My (undiagnosed) psychopathic father turns 88 in a couple of weeks and his health has been rapidly deteriorating. I'm his POA, and have been increasingly involved in his health care and life decisions for the past two years due to his failing cognitive and physical abilities. My mom died ten years ago and my disabled sister has lived in a nursing home since then. She has gone no contact with him for her own health and sanity, so I am his only family.
He lived alone pretty well for eight years, but was always trying to force me to move "home" to be his live in caregiver. This was not because he admitted he needed help, but because he insisted I was a complete failure and needed his support. I was actually doing fine for myself, and had had a successful career and life in a far away state for twenty years, but he and my mom (also mentally ill) had always lied about me to everyone who would listen. After many violent and frightening experiences while helping out with my mom when she was in hospice in their home, and also during his bereavement and restructuring period, I knew he would systematically destroy me if I moved in with him, so I resisted. He called up to thirty times a day, though, and it took a toll on a few jobs, relationships, and my health and happiness.
A year an a half ago, I discovered that despite the hours I spent every day on the phone with him, he was hiding severe mobility and safety issues from me and was self-neglecting. He fired all the home health staff every time they were set up by his doctors, saying they were stealing, lying, or hadn't shown up. I had just lost yet another job due to his constant harassment at work, so I took the opportunity to step in and move him to a ALF near my home. It was a horrendous experience, and he even punched me in the face and broke a plate loose in my jaw. After getting him here, I had high hopes that the ALF would care for him so I could get on with my life and get a new job, but that has not happened.

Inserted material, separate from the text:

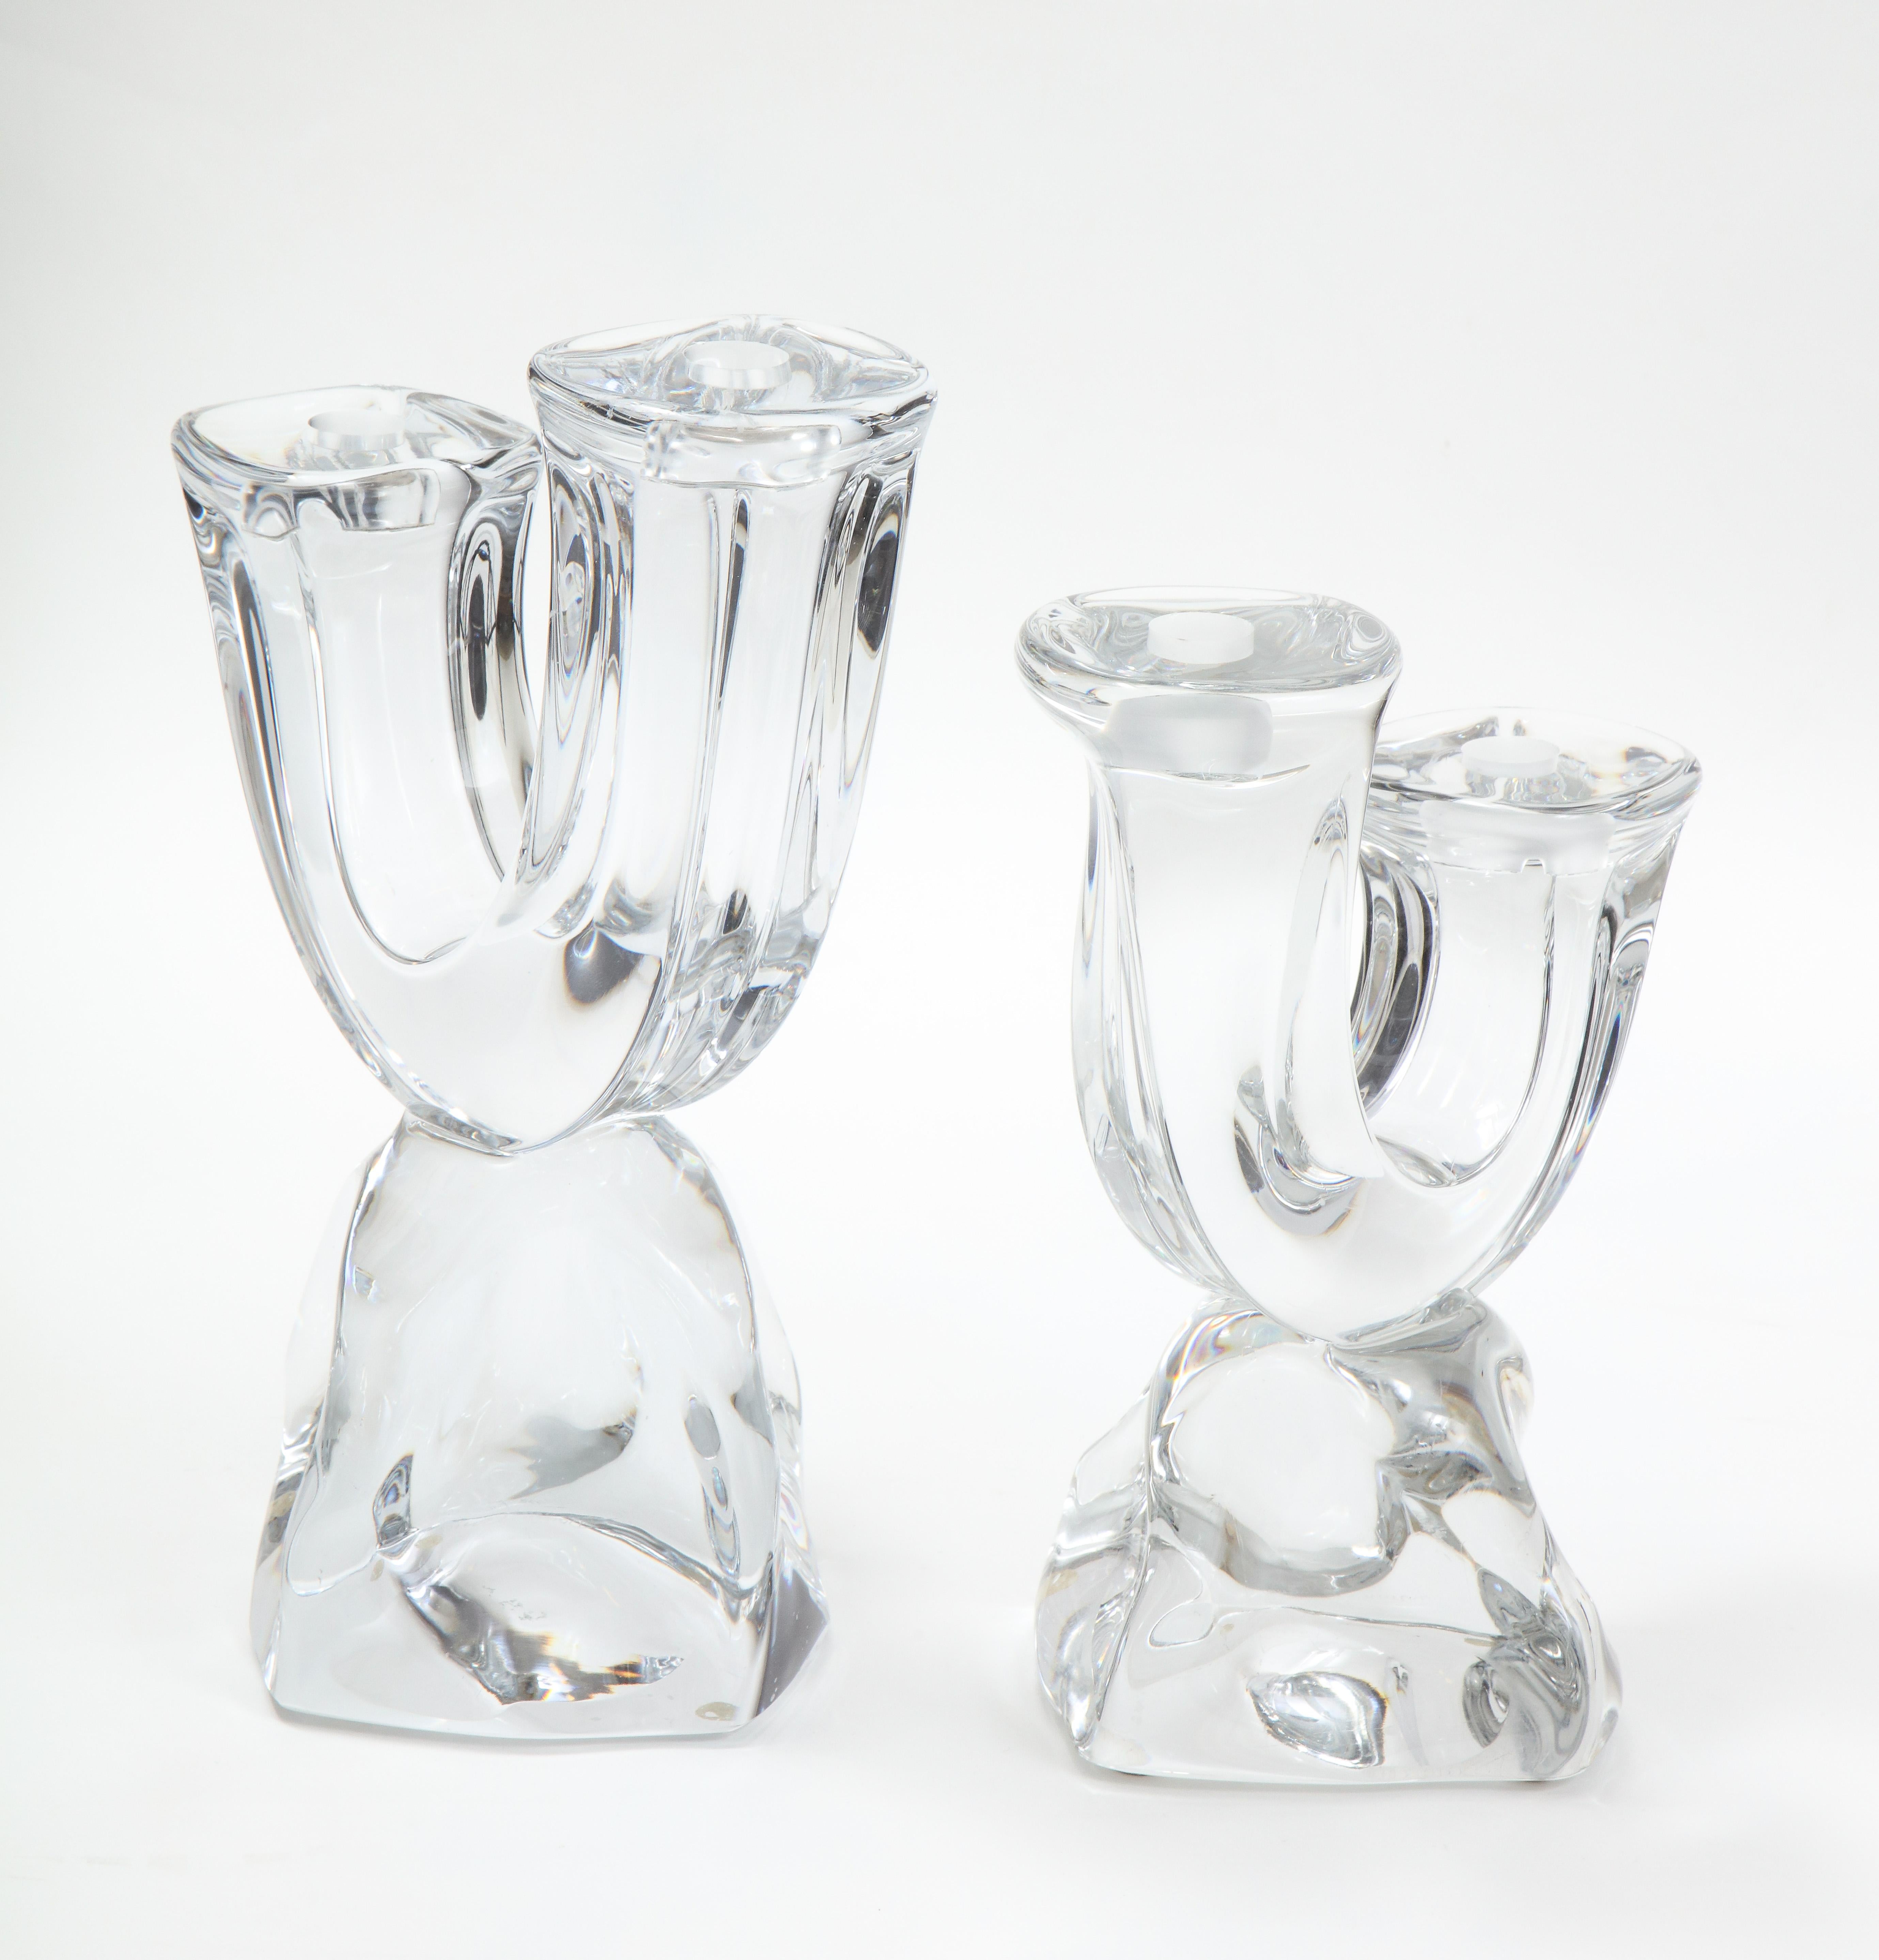 French Daum France Two-Arm Crystal Candle Holders

Dad requires an attendant to accompany him to multiple healthcare appointments per week, and the ALF does not provide that or transportation. No one will let him sign anything on his own anymore because they don't feel he can understand what's going on, so I'm responsible for coordinating and attending everything he does beyond the normal daily care the ALF staff provides. He can't even check himself in to a doctor appointment and let me meet him there, as he has no idea where he is or why he's there when the ADA van drops him off.
When I ask for help, everyone always says this is the family's responsibility. I get a lot of guilt for even asking. There doesn't seem to be a way to pay someone or appoint someone to share the burden without revoking his POA and insisting the state take over, which I'm not sure they'd do even if I swallowed my guilt and tears and went that route. He is not considered nursing home ready, yet there is so much they can't do for him at the ALF which requires me taking him out or meeting with outside staff at his apartment.
Now that his bone marrow disease has progressed to the final stage, he has to have transfusions every two weeks, and that will be every week and more soon.
Although it sounds awful, I was both saddened and relieved to hear he was being considered for palliative care and hospice due to the increasing ineffectiveness and dangers of these frequent transfusions. Hospital and medical staff have recently begun seriously discouraging me each time I have to approve another transfusion because they feel the risk of sudden death far outweighs the temporary benefits.
Dad was referred to hospice a couple of weeks ago, but as I mentioned, he has not been admitted past palliative care just yet. There is now a nurse case manager from home health/hospice checking in on him, but l have more appointments and arrangements to make than ever and that will only increase as he gets more ill. I will be expected to sit by his bedside every day and participate in intensive care for him until the bitter end.
On Thanksgiving, Dad finally talked with me in private about hospice. He's been very unresponsive with professionals and remembers little of their meetings. He declared adamantly that he will never do hospice. He says he will not choose when to die or how to do it, that's for cowards. Dying at home (ALF) is 1800's style. He plans to die in the ICU with an IV dripping blood into his arm and says doctors must keep him alive no matter what. He denies even being sick, and says I'm a liar for saying doctors have told us he has limited time. He was very mean and mocked me when I told him I've been sad about all of this.
No one sees the way he abuses me, as he also has a very charming and manipulative side. They chalk his behavior up to dementia, and think he's a sweet old grump. I love him, but I'm bankrupt, facing homelessness, and severely depressed. I feel I may die before he does. I'm torn.